Task requirements
Your task is to return the listing below word for word, without any of its images.

───── Data block

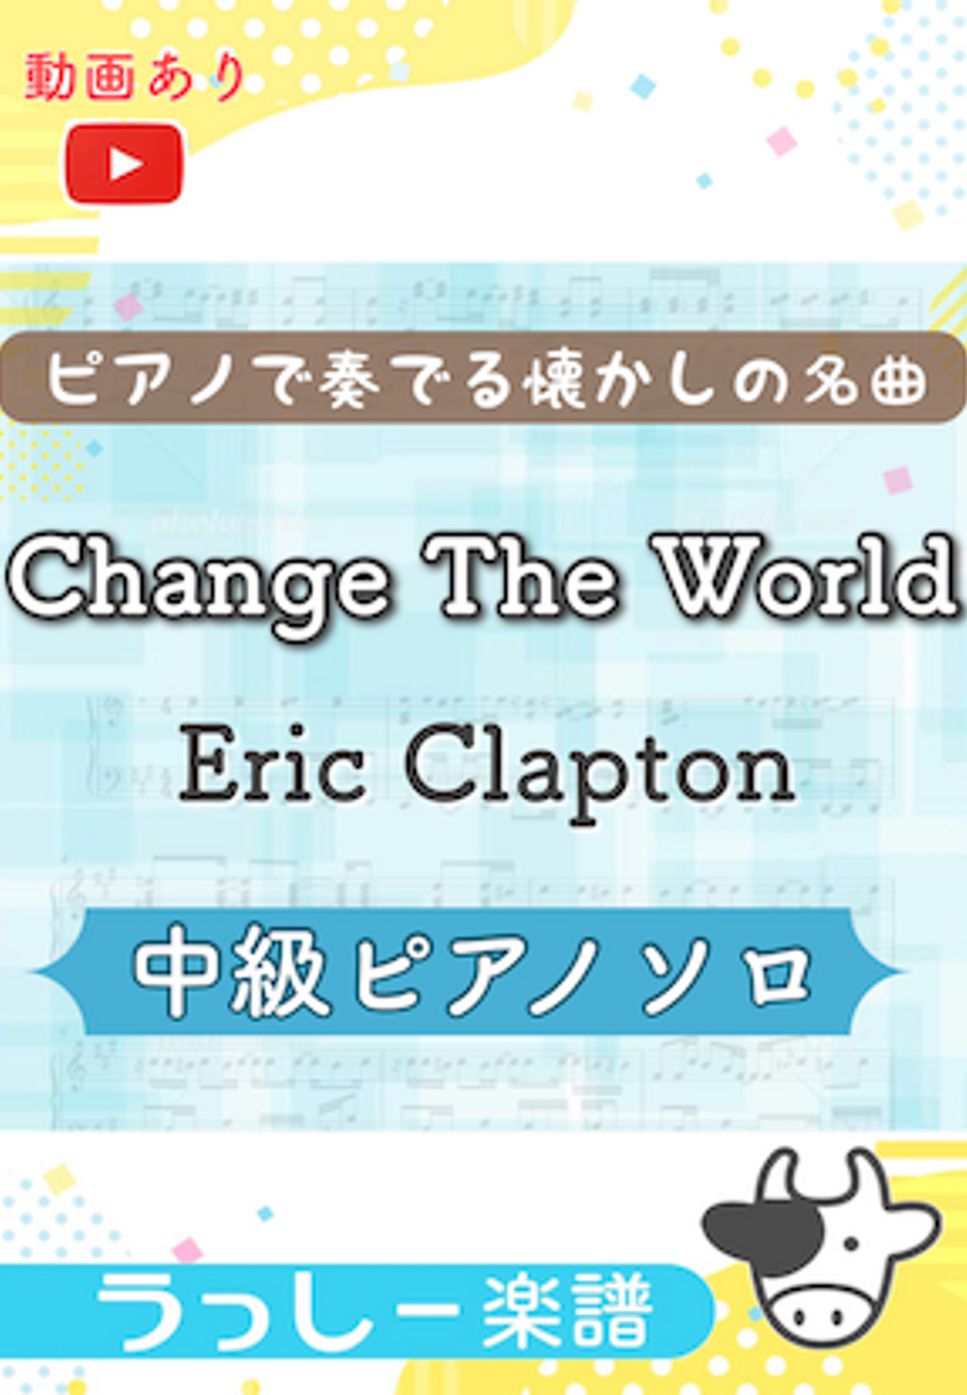 Eric Clapton - Change The World (懐かしの洋楽) by 牛武奏人
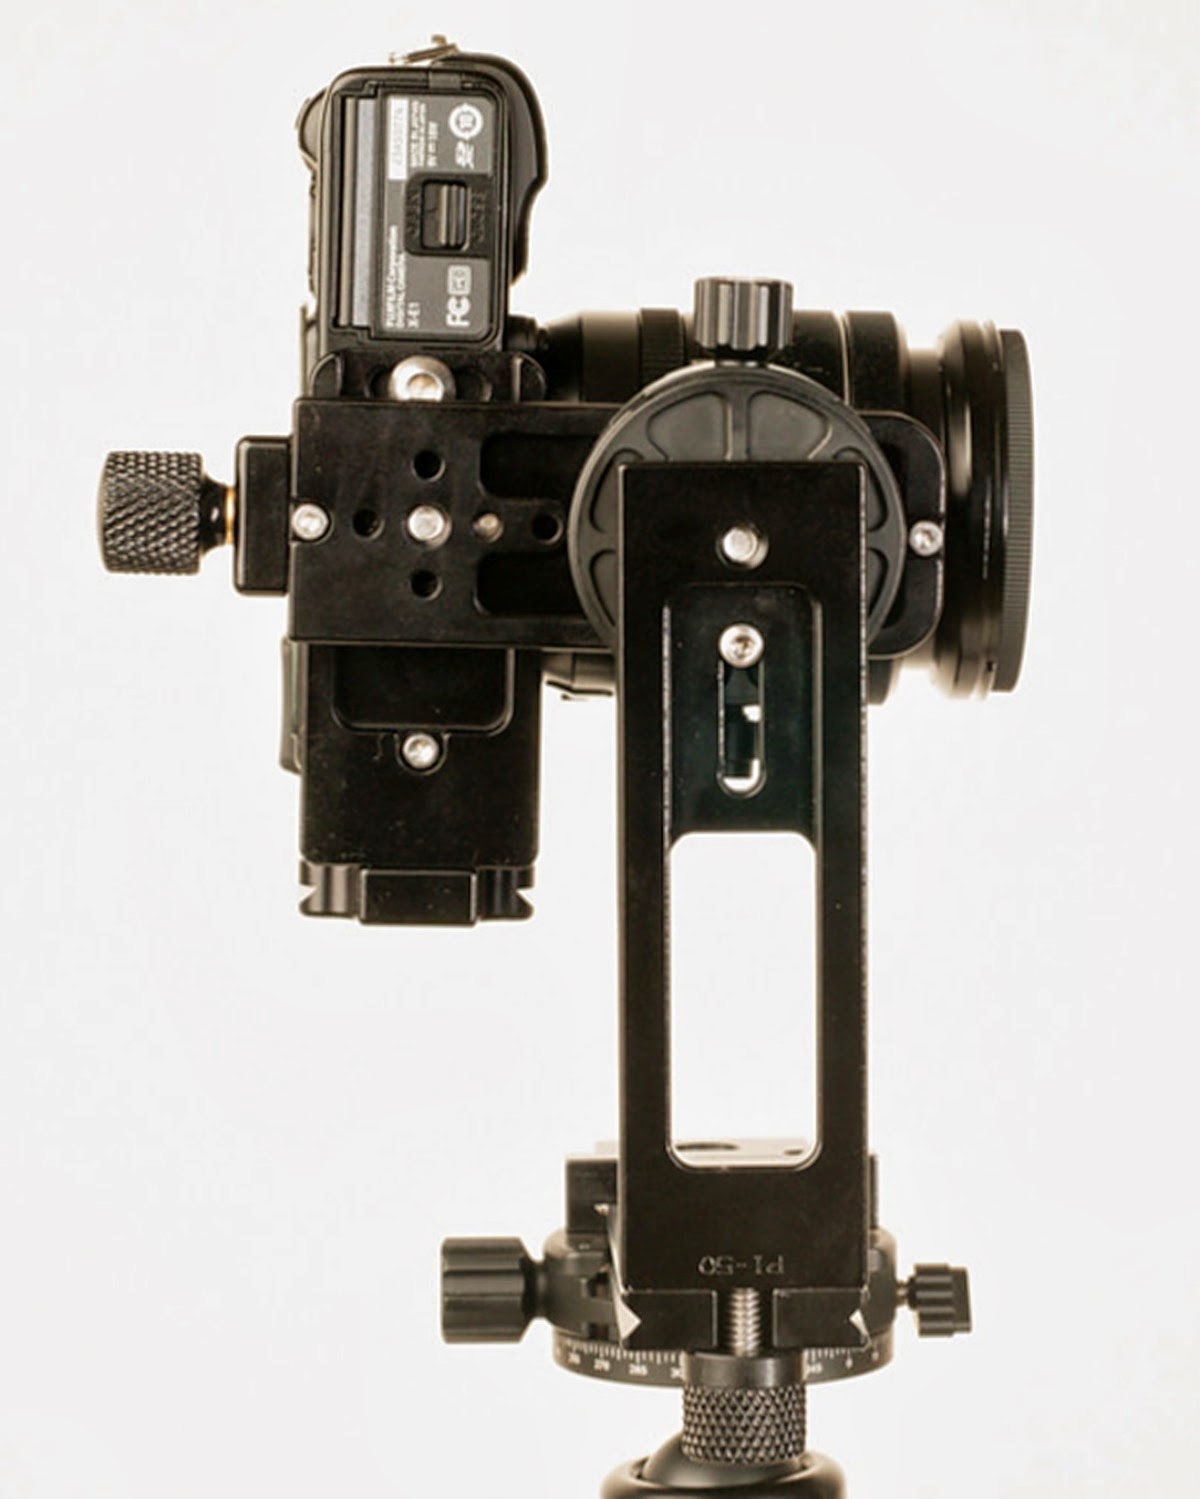 Fujifilm X-E1 mounted on Hejnar 4/3 Quick Connect Set - Horizontal
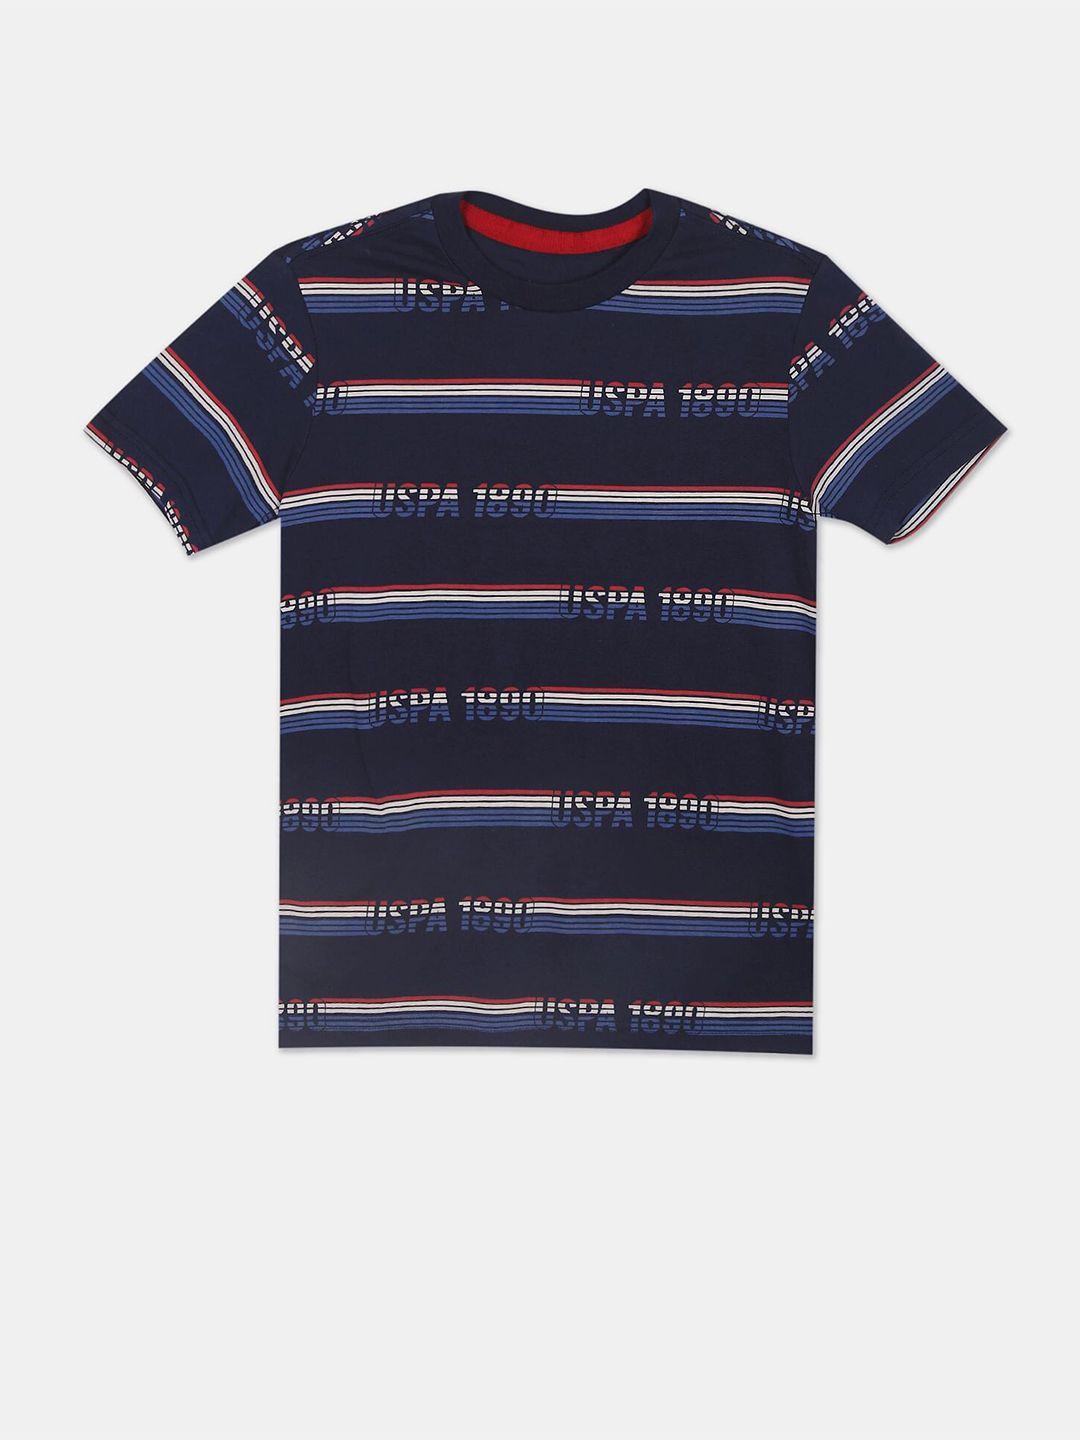 U S Polo Assn Boys Blue Striped T-shirt

──────────

Written response
 Eric Clapton - Change The World (懐かしの洋楽) by 牛武奏人
 Fujifilm X-E1 mounted on Hejnar 4/3 Quick Connect Set - Horizontal
 U S Polo Assn Boys Blue Striped T-shirt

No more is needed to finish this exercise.